NASCAR Misses a Turn

NASCAR is losing its audience. And I don't mean that its audience is drifting away. No; NASCAR is actually driving, er, forcing their audience away.

It was reported in the NY Times Sunday Sports section (April 15, 2007) that NASCAR's audience growth is slowing and that it's TV audience is actually down significantly from last year.

The fault for this decline belongs to NASCAR and Fox Sports.

To put more of a point on it: it's the "pre-race" show, Daryl Waltrip and "boogity, boogity, boogity".

The pre-race show used to be a separate program, listed in at different time in the TV Guide and sometimes even on a separate TV network. The pre-race has now morphed into a 30-60 minute badly (very badly) produced footbal half-time show that has little to do with racing and a lot to do with wasting the audience's time.

Tip for NASCAR: if you don't want to loose my interest then give me what I come for -- racing.

Daryl Waltrip. Ugh. Please give Daryl a vacation. A permanent vacation.

In February, 2001 Daryl was lucky or unlucky enough to be in a perfect storm at the end of the Daytona 500. All within a few seconds, Daryl, who was new and still quaintly amateurish in his color coverage for Fox Sports, spontaneously shouted the joy as his brother Michael won the Daytona 500 and sombertly witnessed the fatal crash of the great Dale Earnhardt. Some experts have rightly called it one of the great moments in sports broadcasting.

Unfortunately Daryl has confused this important moment with himself. He thinks that he created the moment rather than just being a piece, an element, in it.
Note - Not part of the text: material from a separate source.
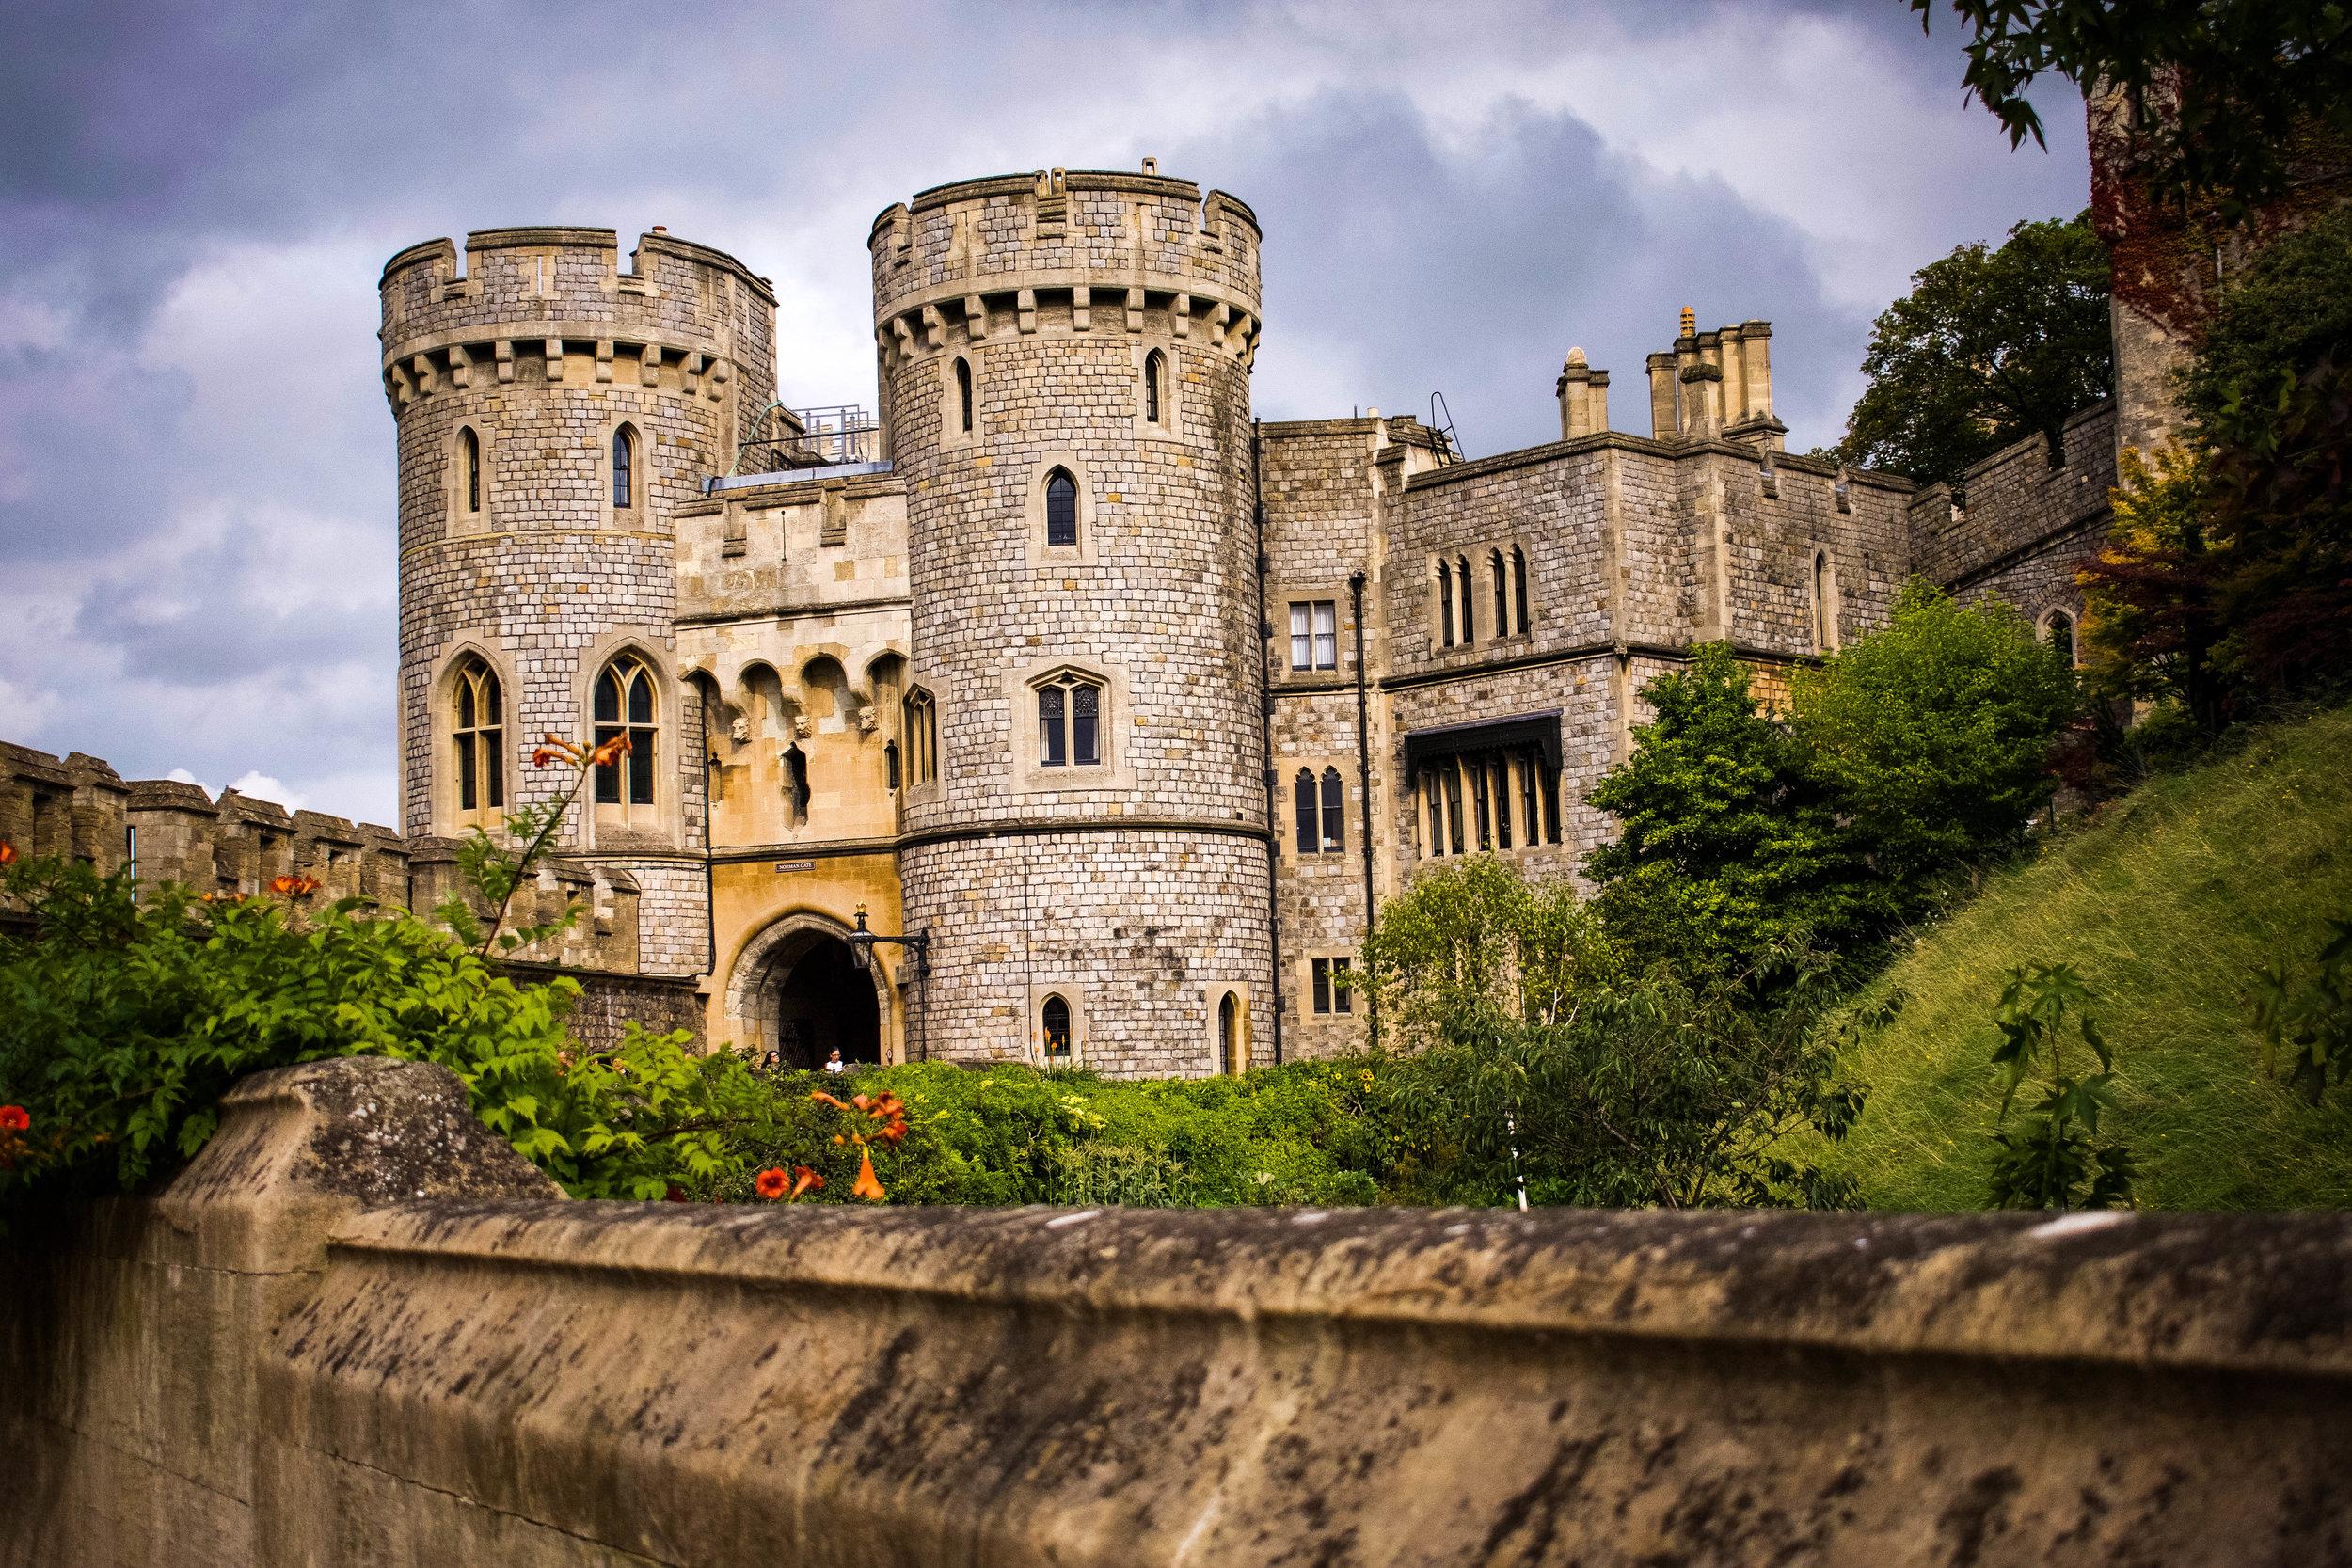 6. Windsor Castle -

And the rest of us have to live with his mistake. For 5 year now. Check the TV numbers NASCAR; when did they start going down? Was it when Daryl decided that he and "boogity, boogity, boogity" were more important than the race itself? (Let me help; yes, that is when the audience started to leave.)

"Boogity, boogity, boogity" is not an exciting way to kick off an event. It's not interesting. It's not even cute. It's boorish. It's boring.

And to let the "personality" that "owns" this phrase make such an issue out of making sure that we all know that he owns it and that he has his own, personal special time for saying it and that somehow we should all think that both he and his catchphrase are extra special -- well that's just stupid.

In previous years we had the pleasure of listening to commentatng voices that cared about NASCAR as "sport" more than as a personal track to fame. Benny Parsons -- a gentleman expert and friend of fans. That was the old way. Now we have Daryl Waltrip whose entire career has been colored by his behavior as a bit of an ass and, at best, a disregarder of fans but, at worst, disparager of the folks who paid his way.

NASCAR's TV audience is decling because of Daryl's bad manners and his "look at me" coverage and because of the weird concept of moving the actual racing to the back end of the TV show.

Make the race coverage start at the listed time. Create a different show for the folks that want it. And you might tell your fans at the track, at every race, what is the start for the concert and what is the time for the actual race.

"Racing" -- NASCAR: it's in your name.